Onedata uses the concept of Spaces for data organization. A Space is a logical data volume that appears as a monolithic file system from the user’s PoV. Still, it virtualizes the physical data stored on distributed storage systems of different data providers. Spaces facilitate collaborative data sharing between users and groups across organizational domains — using the Onedata interfaces, users can manage and access the data together in a unified namespace, while it is physically distributed.

Onedata Spaces.

The Oneclient software, based on the fuse library, allows mounting the Onedata file system locally, either on a personal computer, or on a worker node in a computing cluster for HPC purposes.

Oneclient mount.

Similarly to the Galaxy project, The Onedata software can be used to build different ecosystems.
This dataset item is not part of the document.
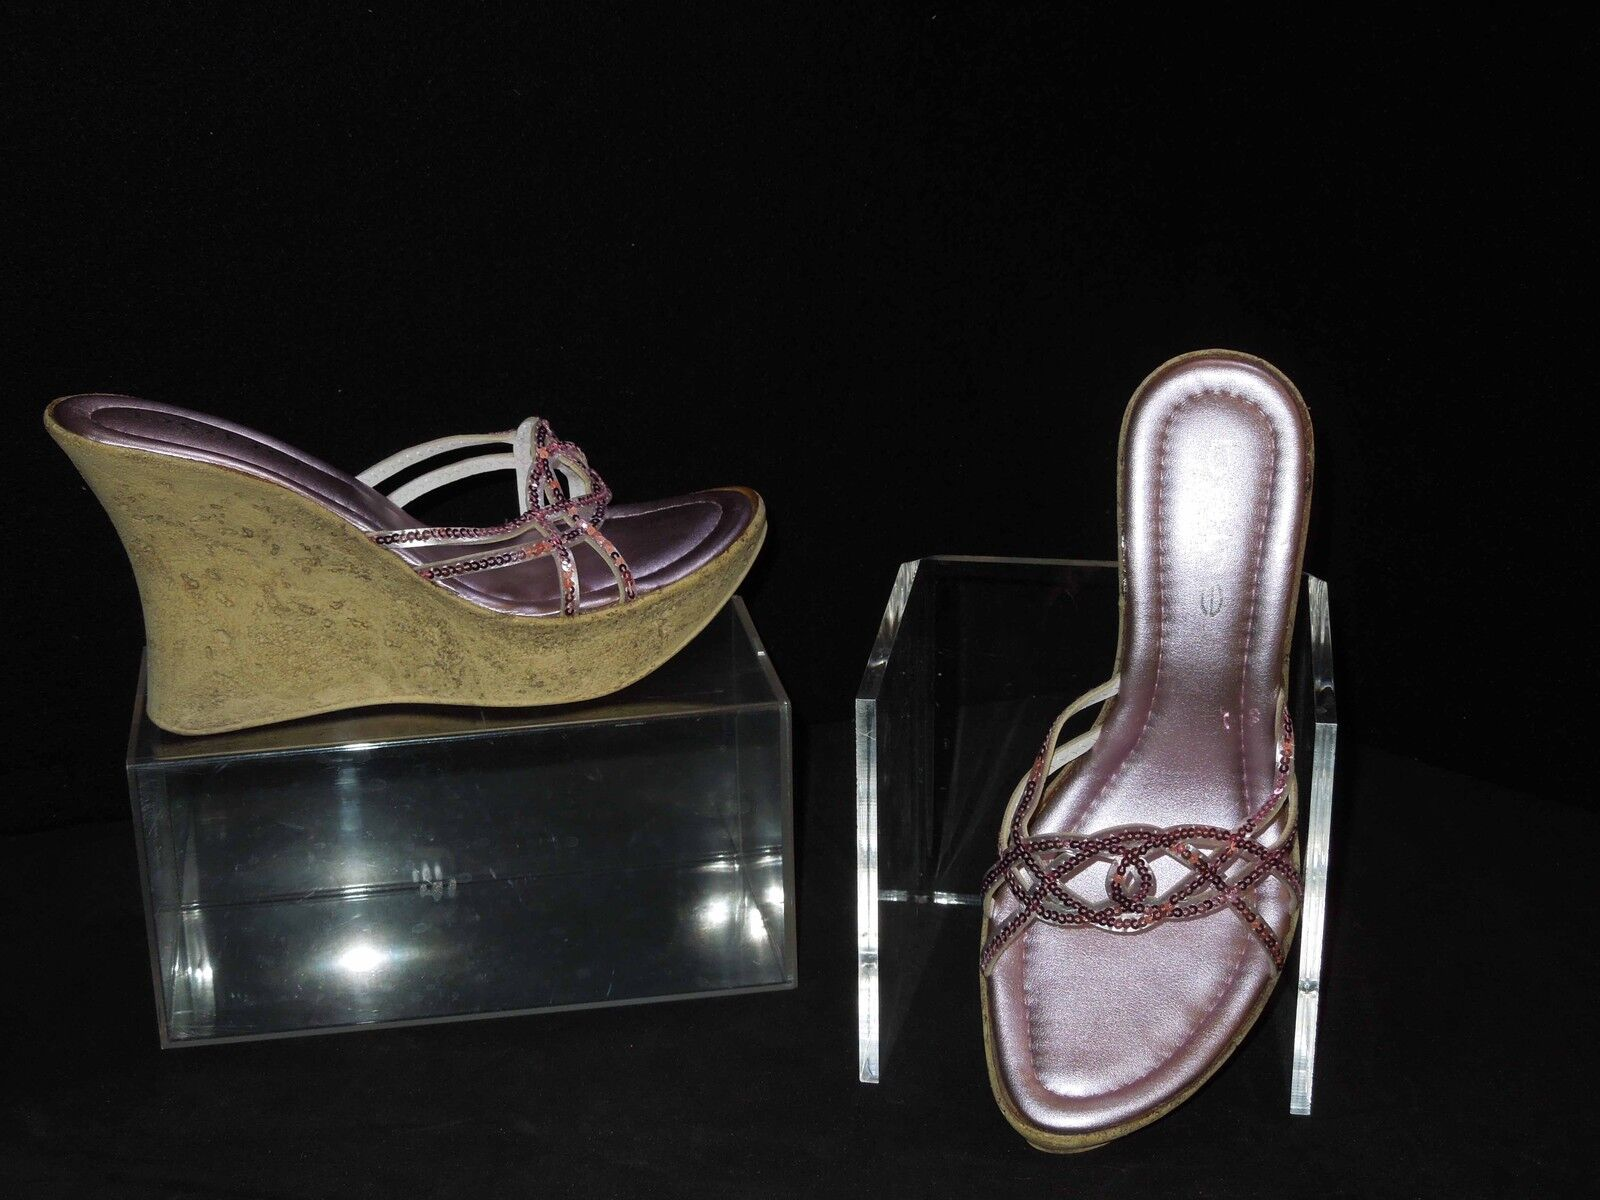 Bebe púrpura rosadododo Lentejuelas    cariño  sandalia de cuña 7M dc3253

Each Onedata ecosystem constitutes an independent data management platform, made up of multiple data centers. One of the flagship examples is EGI DataHub, a Europe-wide ecosystem bringing together 17 data sites (as of 03-2025) and catering for many scientific projects around Europe.

For more information about Onedata, see the Documentation and API reference.

Onedata & Galaxy integration

Thanks to the efforts undertaken in the EuroScienceGateway project, Galaxy now offers integration with Onedata. It can be used as a remote source for data import/export (a.k.a. Files Source Plugin) and as a storage location for Galaxy datasets (an Object Store). The integration includes BYOS (Bring Your Own Storage) and BYOD (Bring Your Own Data) templates.

Minimal requirements:

  • Galaxy: version 24.2
  • Onedata: version 21.02.5 (but it’s recommended to use at least 21.02.8)

It is possible to connect multiple Onedata accounts in different Onedata ecosystems to the same Galaxy account.

The below image shows the Onedata file browser UI and the Galaxy Upload tool making it possible to import data stored in Onedata Spaces. Onedata & Galaxy interfaces.

What’s the point?

There are many ways you (or your organization) can leverage the Onedata’s distributed data management capabilities in Galaxy:

  • Onedata is all about unifying access to geographically distributed datasets. It may be your solution to integrate data from multiple data centers and bring them to Galaxy for processing.

  • One of the crucial features of Onedata is seamless collaboration on data across different organizations. It supports groups that bring together users of different affiliations to work on datasets that are integrated from pieces coming from different data sources.

  • Onedata offers powerful data sharing & publishing mechanisms and tools for long-term data archiving and replication, which you may find useful to improve your Galaxy data management.

  • While Galaxy supports a plethora of different data sources and storage options, Onedata offers some additional storage drivers, like Ceph or XRootD. What can’t currently be done directly via Galaxy, can be integrated into Galaxy through Onedata.

  • If your data management and processing pipelines include other software besides Galaxy, the Onedata unified storage layer can help to better organize your environment, providing a common storage abstraction for different applications and pieces of middleware.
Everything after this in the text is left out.